The origin of the Yagacara doctrine can be found in SA (Saṃyukta-āgama), which is connected with the earliest Buddhism.

The sūtra-mātṛkā (sūtra matrix, 契經, 摩呾理迦 or 本母), essentially a commentary on a portion of SA, found in the Vastusaṅgrahaṇī of the Yogācārabhūmi, follows the sequence of SA.

This discovery confirms that the Sarvāsti­vāda tradition regarding SA is attested to in the Yogācārabhūmi.

The sūtra-mātṛkā contains these seven topics:

  1. Discourses Connected with the Aggregates
  2. Discourses Connected with the Sense Spheres
  3. Discourses Connected with Causal Condition
  4. Discourses Connected with the Nutriments
  5. Discourses Connected with the Truths
  6. Discourses Connected with the Elements
  7. Discourses Connected with the Path: the Stations of Mindful­ness, etc., of the Enlightenment Factors.

These seven topics are considered by Ven.

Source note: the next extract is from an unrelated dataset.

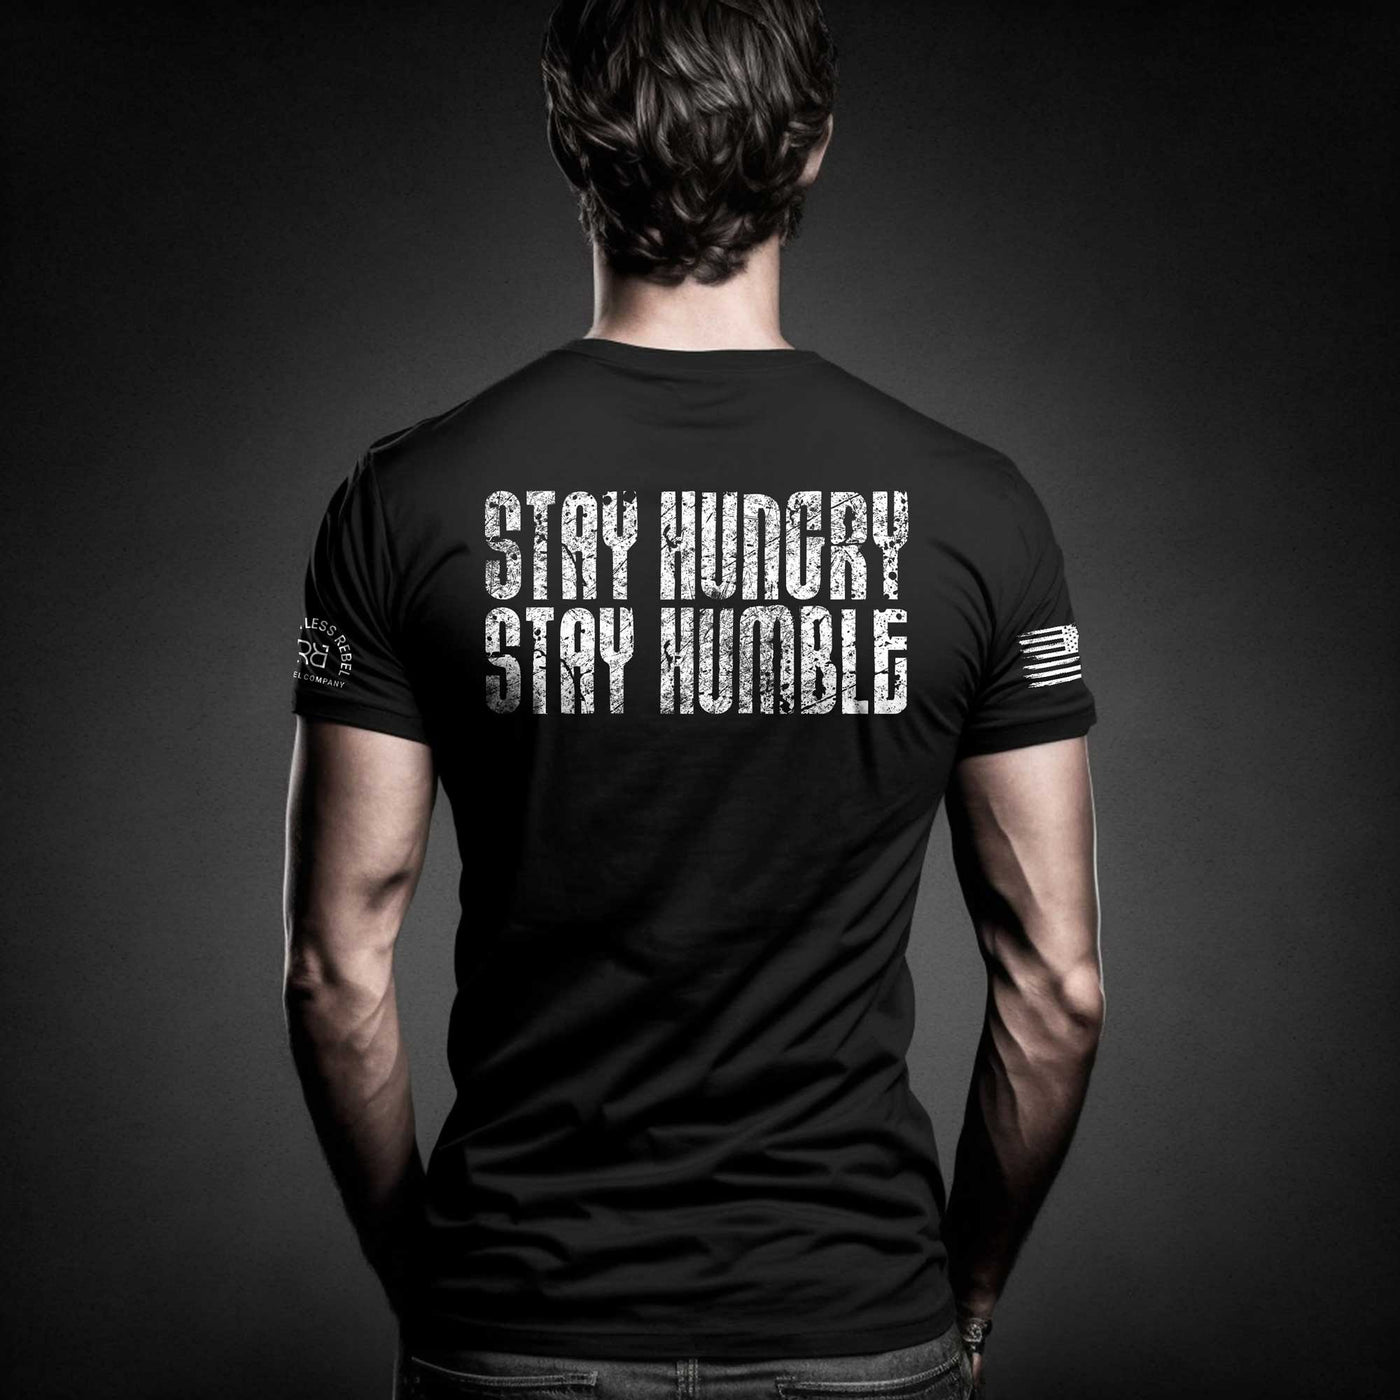 Stay Hungry Stay Humble | Red | Premium Men's Tee

Yinshun to be the most funda­mental and earliest portion of the ‘Connected Discourses’ (相應教, saṃyukta-kathā) of SA.

They are found in the five major sections (varga) on aggregates, sense spheres, causal con­dition (including nutriments, truths and the elements) and path of the extant SA/SN.

These sections of the ‘Connected Discourses’ are identified by Ven. Yinshun as the sūtra-aṅga portion of SA/SN

See pp. 898-9 in Choong Mun-keat, 2020 “Ācāriya Buddhaghosa and Master Yinshun 印順 on the Three-aṅga Structure of Early Buddhist Texts” .

https://www.academia.edu/44055729/%C4%8 (“Ācāriya Buddhaghosa and Master Yinshun 印順 on the Three-aṅga Structure of Early Buddhist Texts” 2020) (ORCID)


The Stanford Encyclopedia of philosophy has a nice introduction - Vasubandhu (Stanford Encyclopedia of Philosophy)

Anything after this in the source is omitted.